WORK TO COMPLETE —
Only the lines from the one with "Scarlett Johansson Teases" through the end of the material are wanted, copied exactly and with the pictures left out.

GIVEN MATERIAL —
- - -
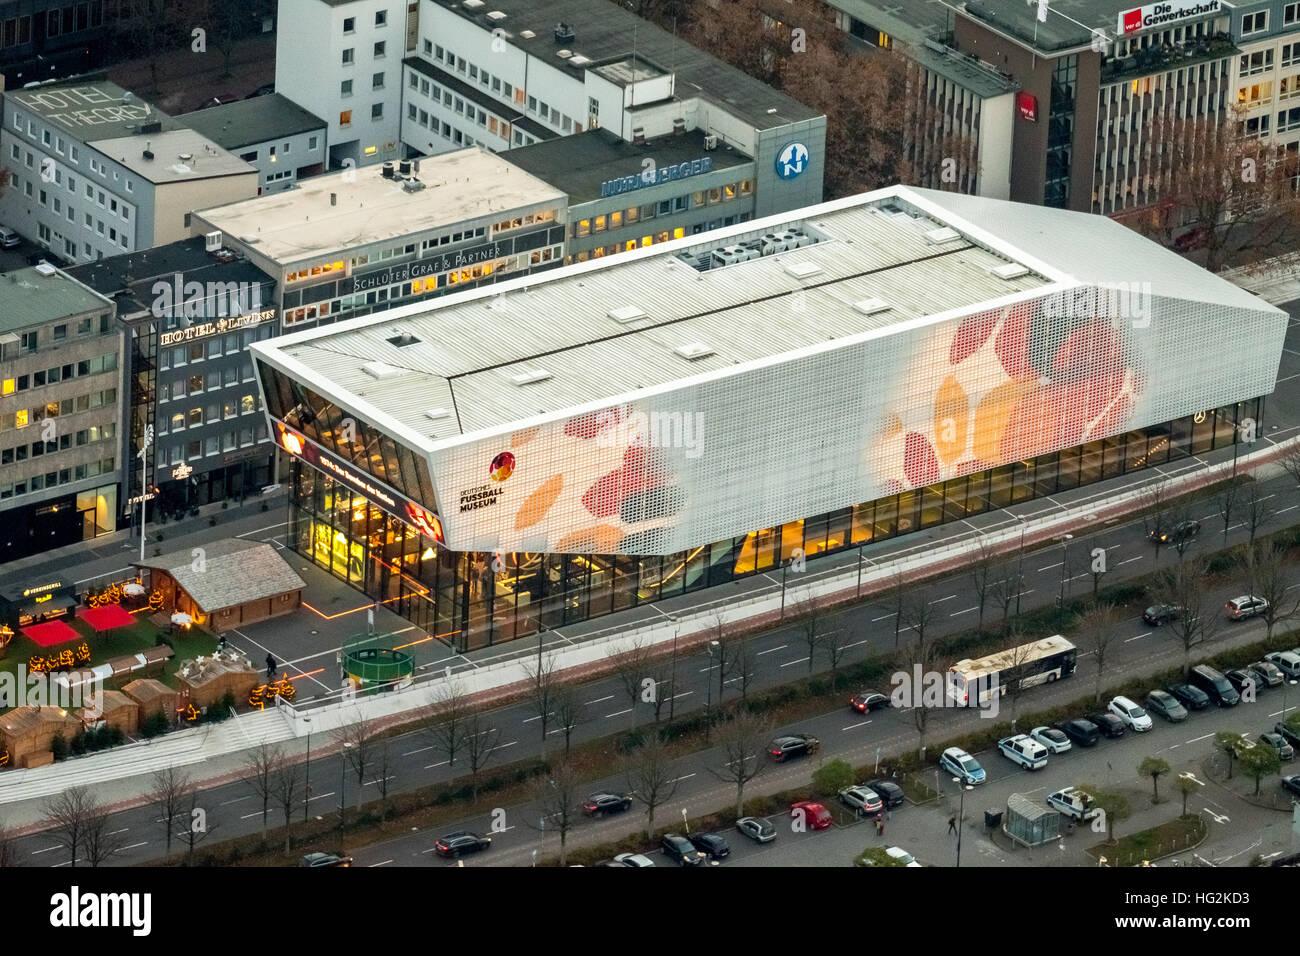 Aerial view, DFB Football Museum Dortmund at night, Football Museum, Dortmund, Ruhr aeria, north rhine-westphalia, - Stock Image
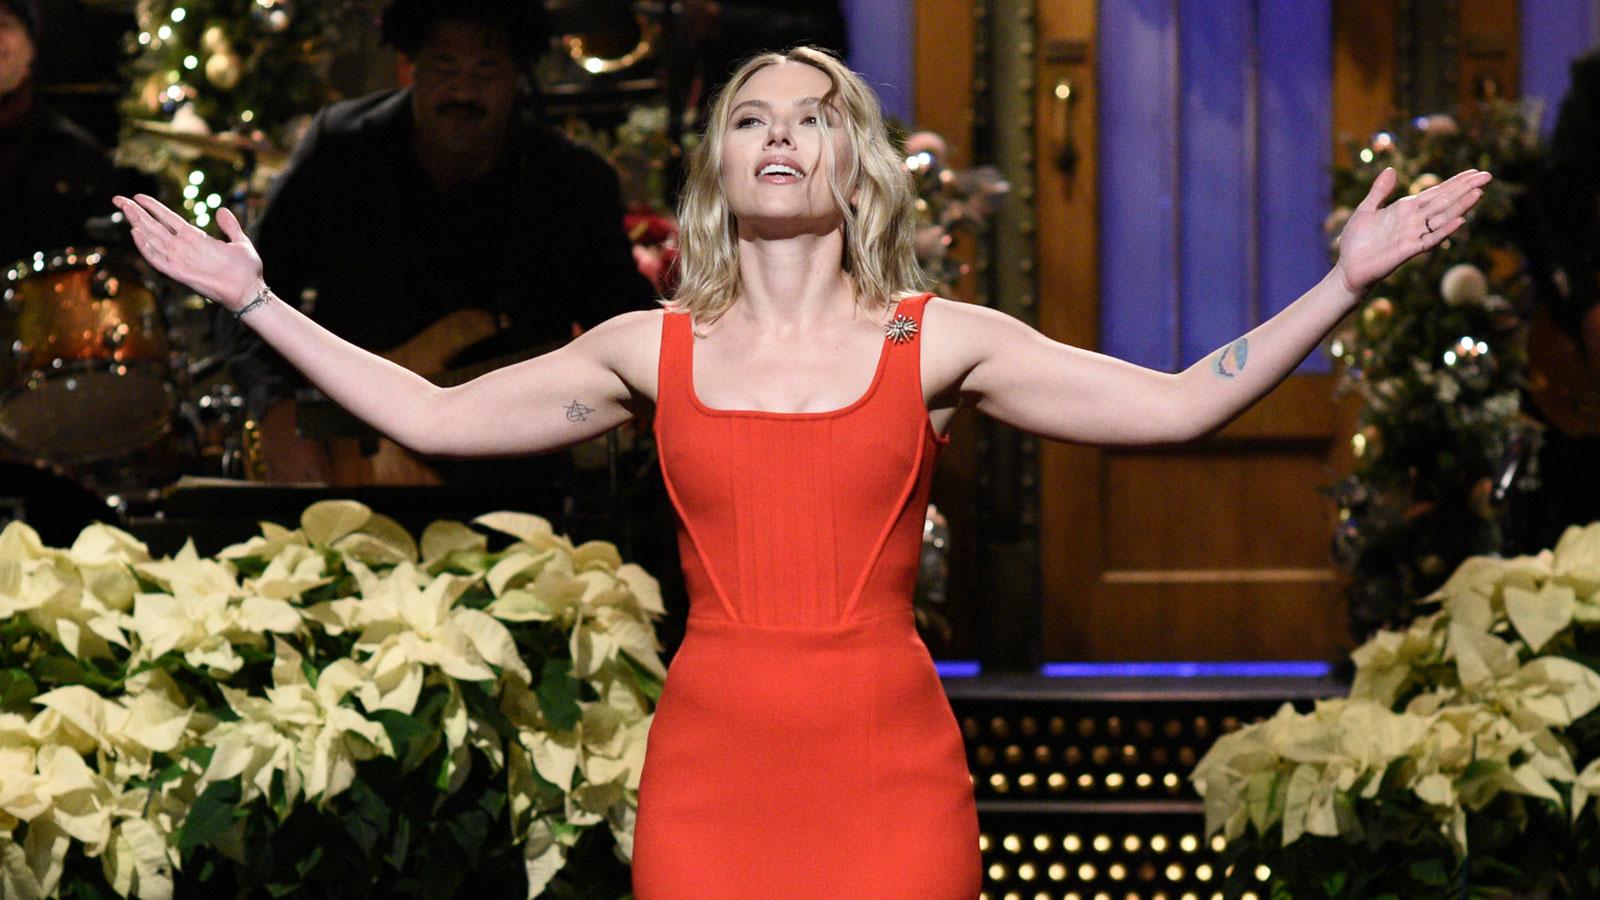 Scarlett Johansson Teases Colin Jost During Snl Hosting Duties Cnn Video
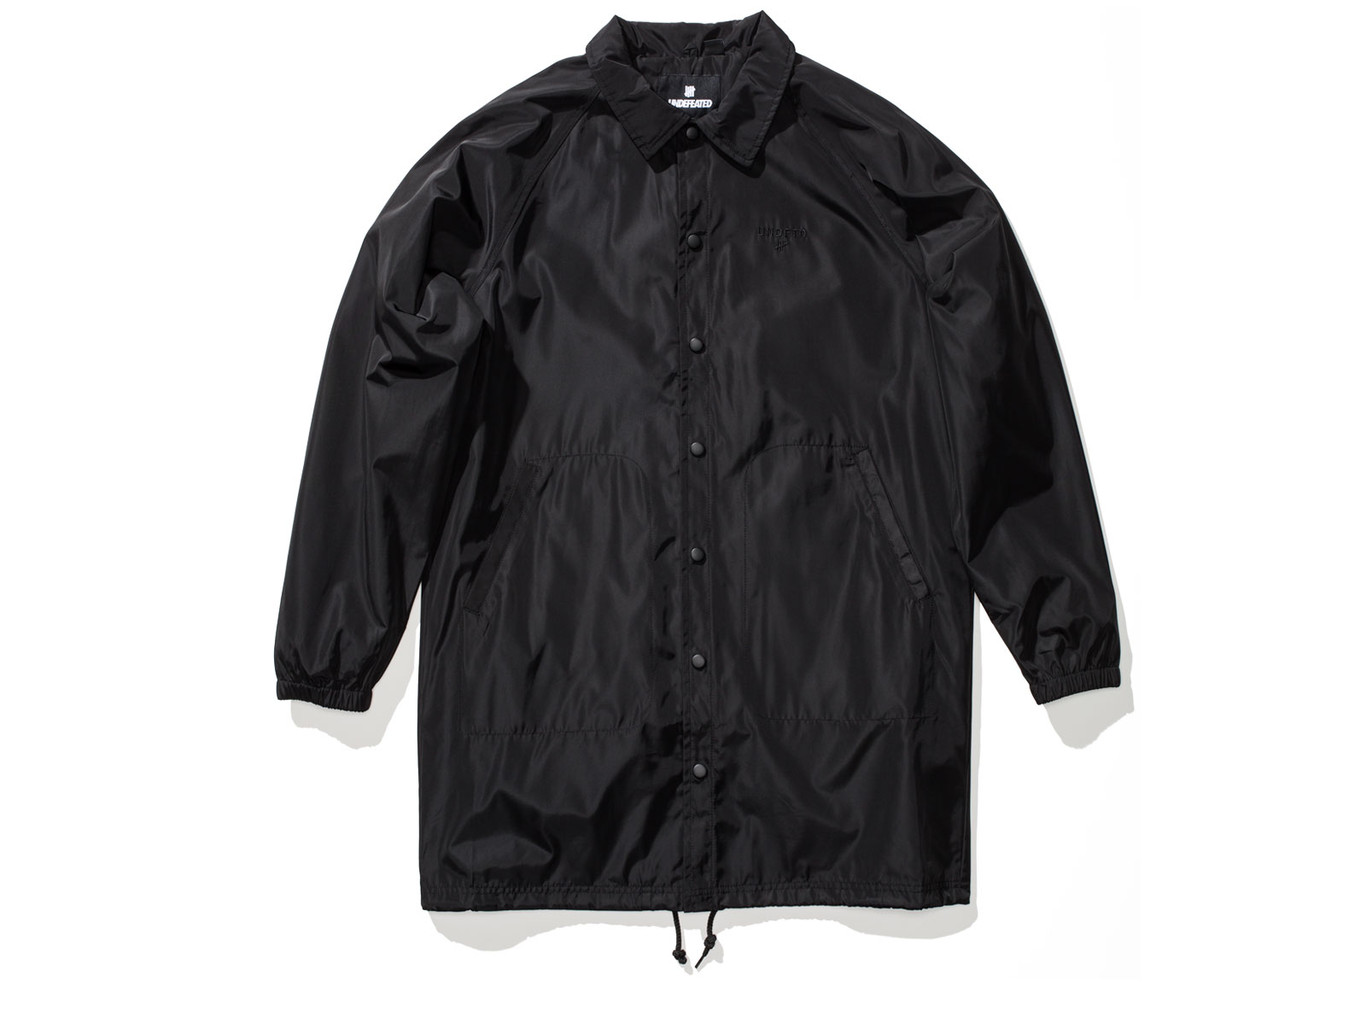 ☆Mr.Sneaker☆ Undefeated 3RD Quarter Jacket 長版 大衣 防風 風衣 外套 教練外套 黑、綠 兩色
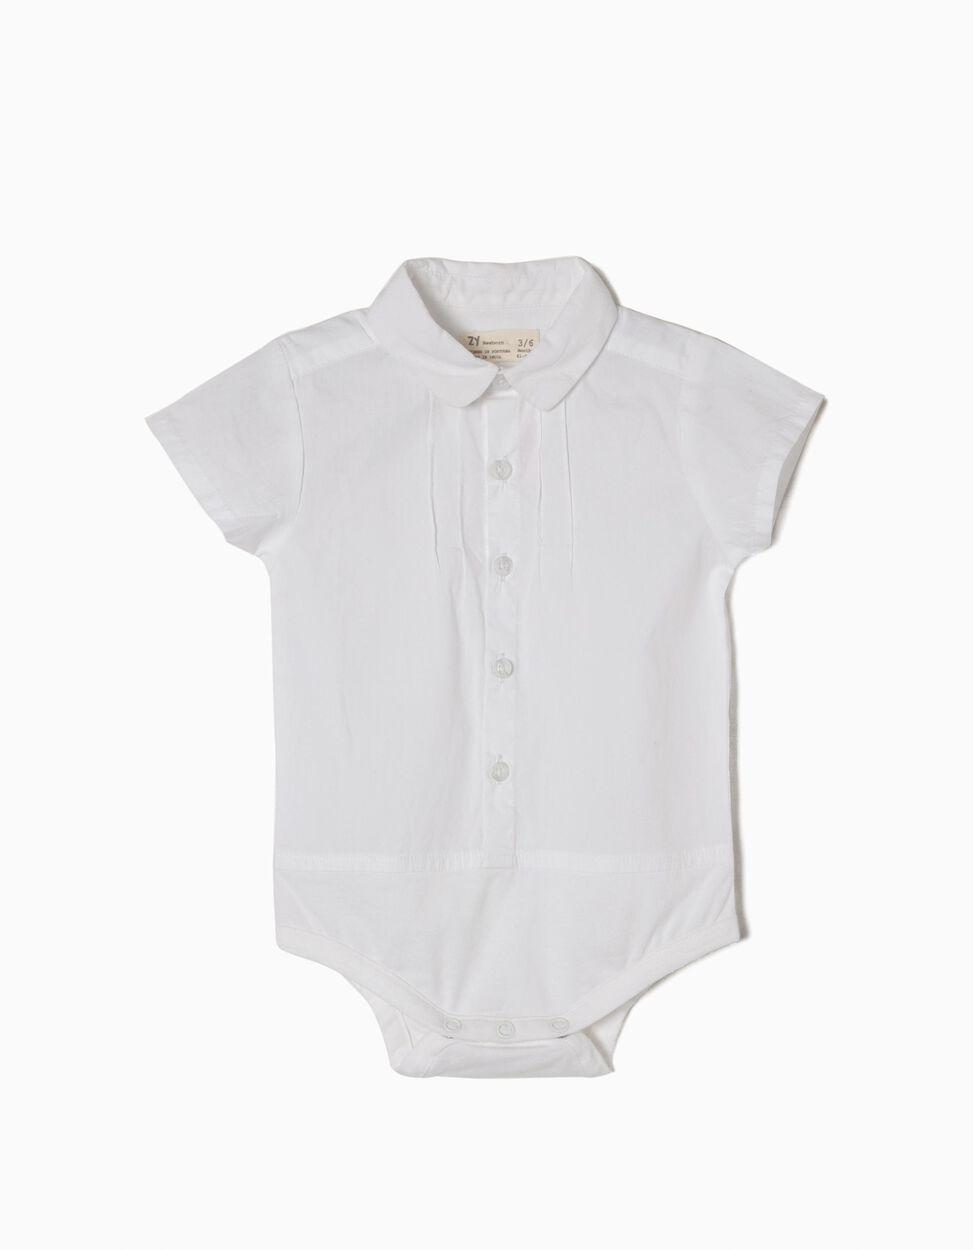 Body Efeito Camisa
- - -
WRITTEN RESPONSE —
 Scarlett Johansson Teases Colin Jost During Snl Hosting Duties Cnn Video
 ☆Mr.Sneaker☆ Undefeated 3RD Quarter Jacket 長版 大衣 防風 風衣 外套 教練外套 黑、綠 兩色
 Body Efeito Camisa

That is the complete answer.